The relationship between bees and humans, and vice versa, probably exists since the birth of homo sapiens and could be divided into two main paradigms: honey hunting and beekeeping. Honey hunting is a practice in which hunters locate a wild colony and steal part of the bees’ nest using spears or axes. Evidence of this activity dates back to 6000 B.C.E..

The other paradigm, beekeeping, came later, and gave birth to a new type of relationship between humans and bees. Unlike honey hunting, in beekeeping, bees are kept in a human-made structure on a specific site near the beekeeper’s home, or in an apiary. The earliest solid evidence of beekeeping as a practice dating back to 2400 B.C.E.,

Beehives allow beekeepers to spend more time with bees than hunters; visits are regular and involve a practice of colony monitoring. Keeping bees in hives has substantially advanced our knowledge about bees whilst enhancing and transforming this specific interspecies relationship.

Bees still keep a large sense of independence, behave as they do in the wild, and the transition from honey hunting to beekeeping is a technical adaptation. What has changed is the role of the human: through the establishment of the beekeeper, they have transformed from hunter to guardian. Traditionally, beekeepers made beehives by themselves using abundant materials from their surroundings. However, this process entered a dormant period in the 19th century–and remains inactive today.

 


 

In 1851, the Reverend Langstroth designed the now-famous homonym hive, which gave birth to the so-called modern hive. This new hive is not as revolutionary as most beekeeping manuals tend to describe; the supposed innovation of movable frames was probably already in use in Ancient Greece, and definitely active in the 17th century at the latest with the so-called top-bar hive. The real impact of this modern hive came in 1852 when it was patented, starting a process of standardisation and rationalisation in beekeeping practice.
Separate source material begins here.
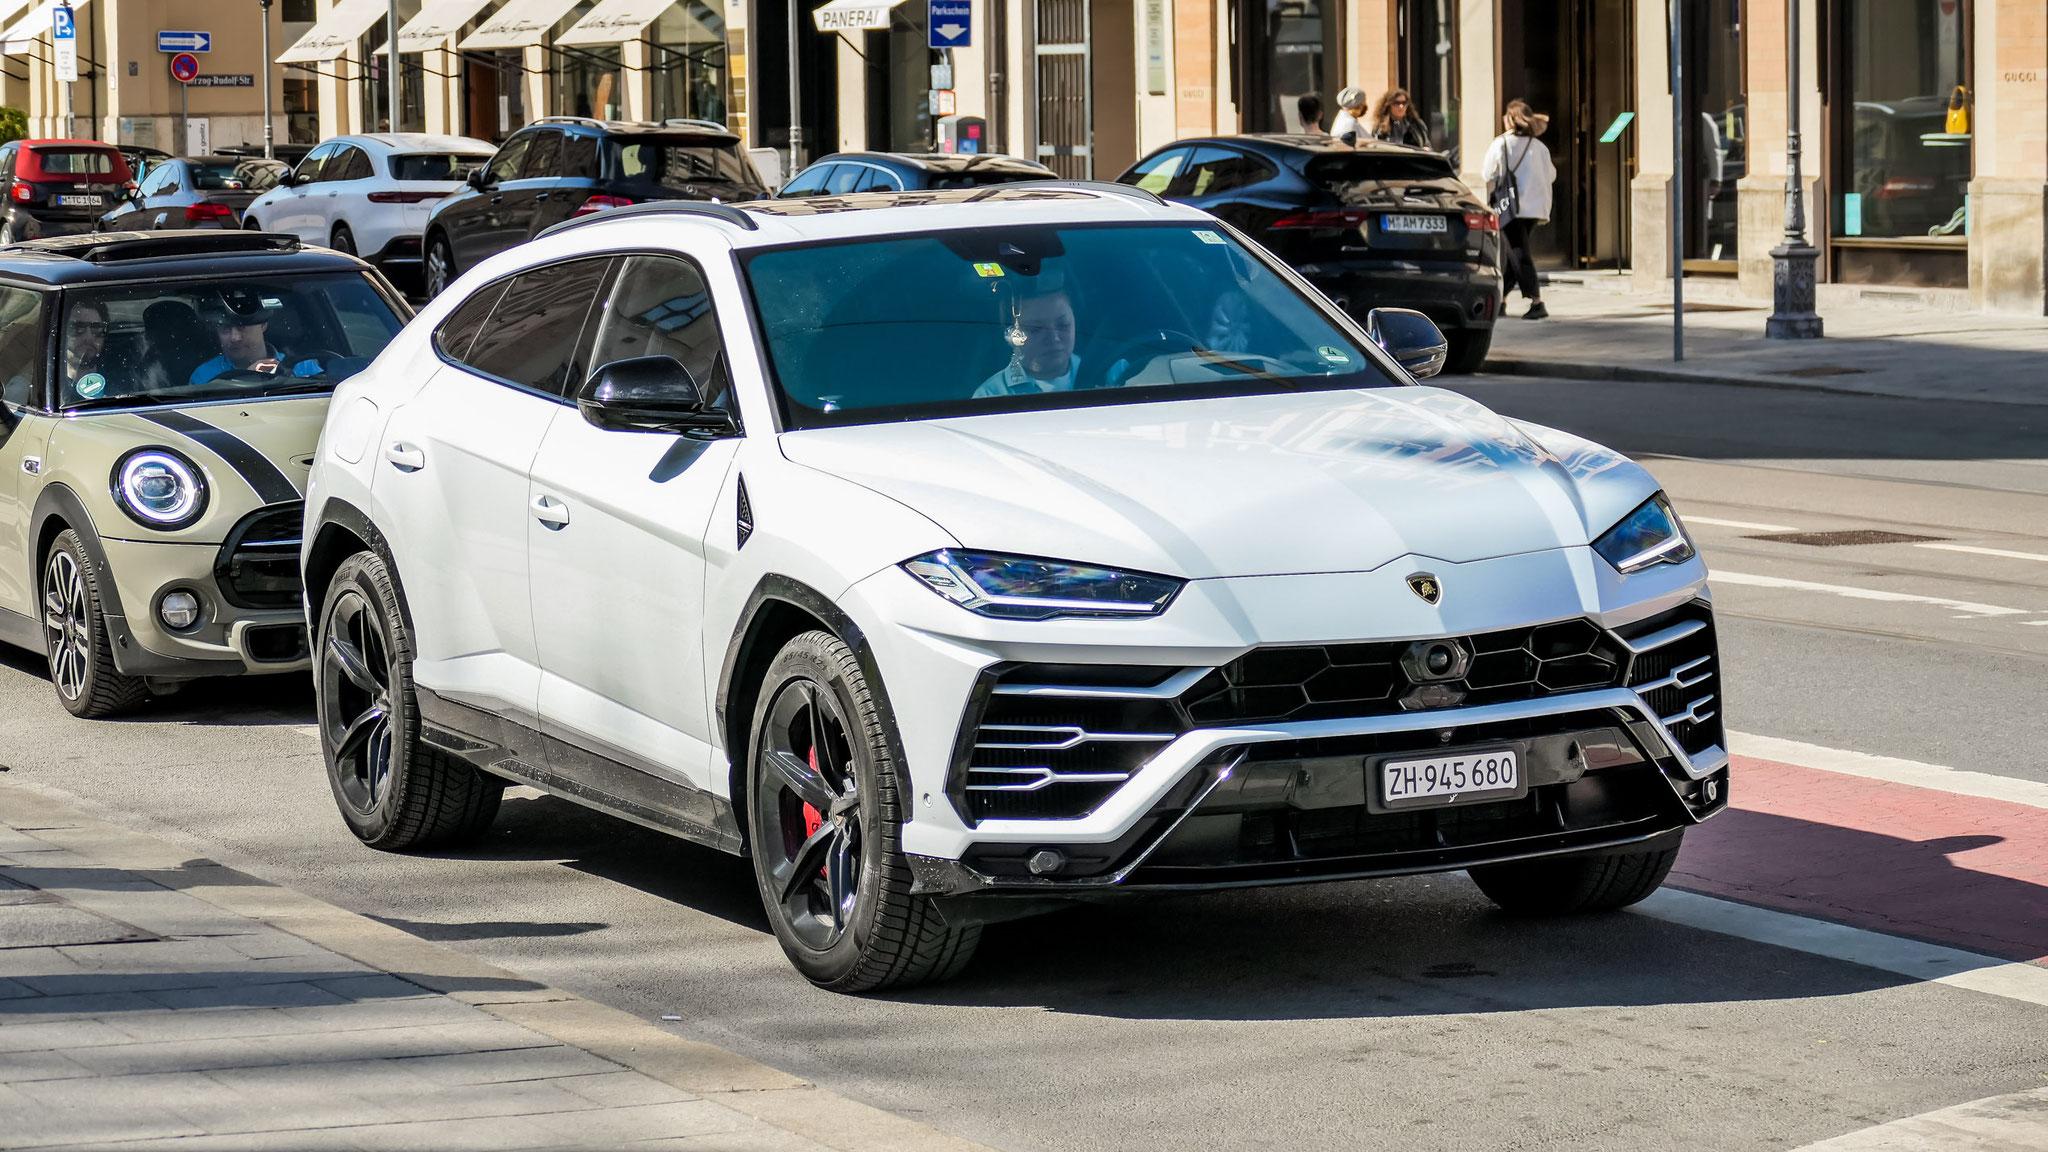 Lamborghini Urus - ZH-945680 (CH)

Thus, the new hive transformed modern beekeeping practice into a profit-driven activity, demanding consequent monetary investment. Modern hives made of wood with the standard frame size led to the possibility for, and subsequent development of, mechanic honey extractors. Ultimately, this expansion seems to have prevented beekeepers from inventing new practices and hive designs. Despite the modern hive and its accompanying rational practice spreading across the globe, it is important to note that there are still many places worldwide maintaining different practices and valuing pluralities.

13. Horizontal wooden stick 14. Results of a craft course 15. A modernized slope in Beauce, France, 1940 16. A modern reconstruction of the beehive by John Milton, author of ‘The Practical Bee-Keeper’ (1843)

 

By symbolically using the period between the first evidence of beekeeping in 2400 B.C.E until the patenting of the modern hive in 1852 C.E., this book aims to tell a different story. In Borioli’s story, the hive is a home, a craft, a receptacle, “an inverted basket”. Along with using whatever was to hand, climatic regional disparities influenced beekeepers’ choices in hive materials, forcing the need for inventive methods and adaptable structures.
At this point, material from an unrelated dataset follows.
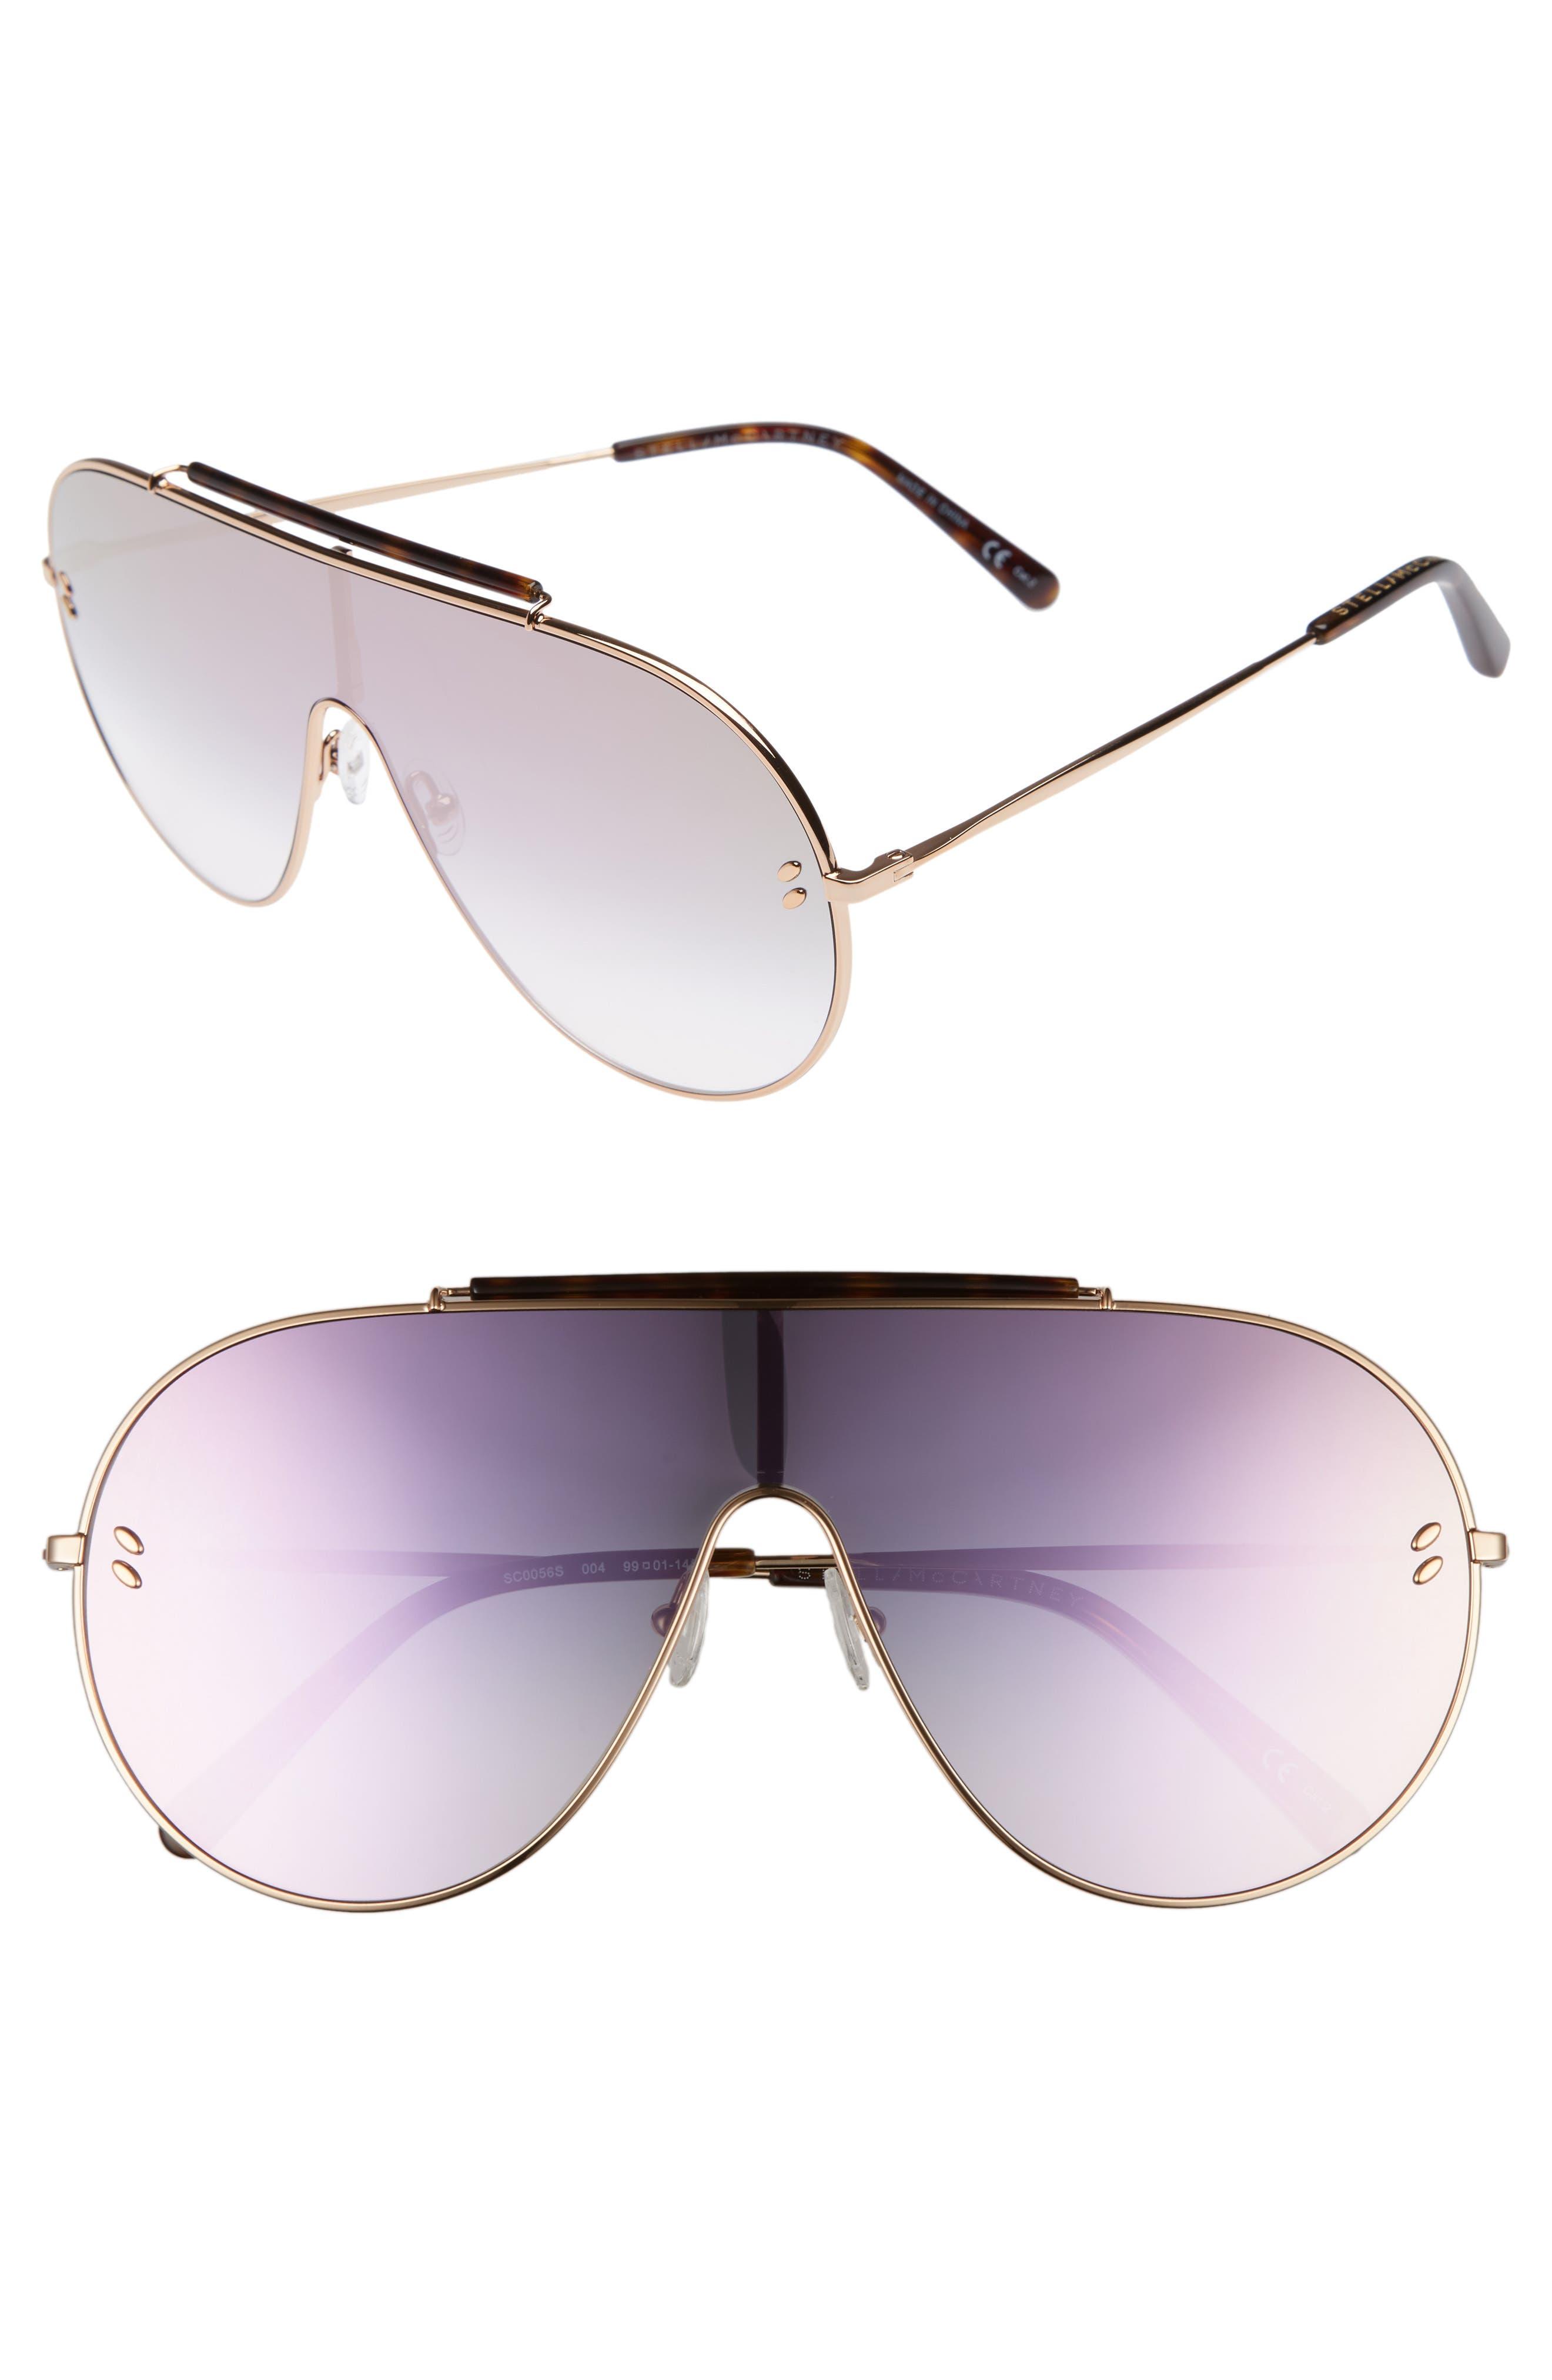 65mm Shield Sunglasses,                             Main thumbnail 2, color,

From the bark of cork trees; fennel stalks; in Kashmir, two baked clay dishes, “one inverted over the other and sealed together with mud”, did the job; and in Northern Europe, hives were traditionally baskets known as skeps–withies woven together.
With the modern hive the prior history of beehives, the architectural diversity that aided its coming into being, has been forgotten, and difficult to preserve.

As a free association of collection of historical photos, archive material and drawings, this book highlights the role of the forgotten hives as home, craft and receptacle in which, quoting Edwin Heathcote in his article, “bees have been given symbolic, cultural and practical value. Now they are in trouble, maybe we will be asked to re-examine the houses we are building for them to recognise their centrality to our agriculture, our horticulture and, surprisingly, our visual culture.”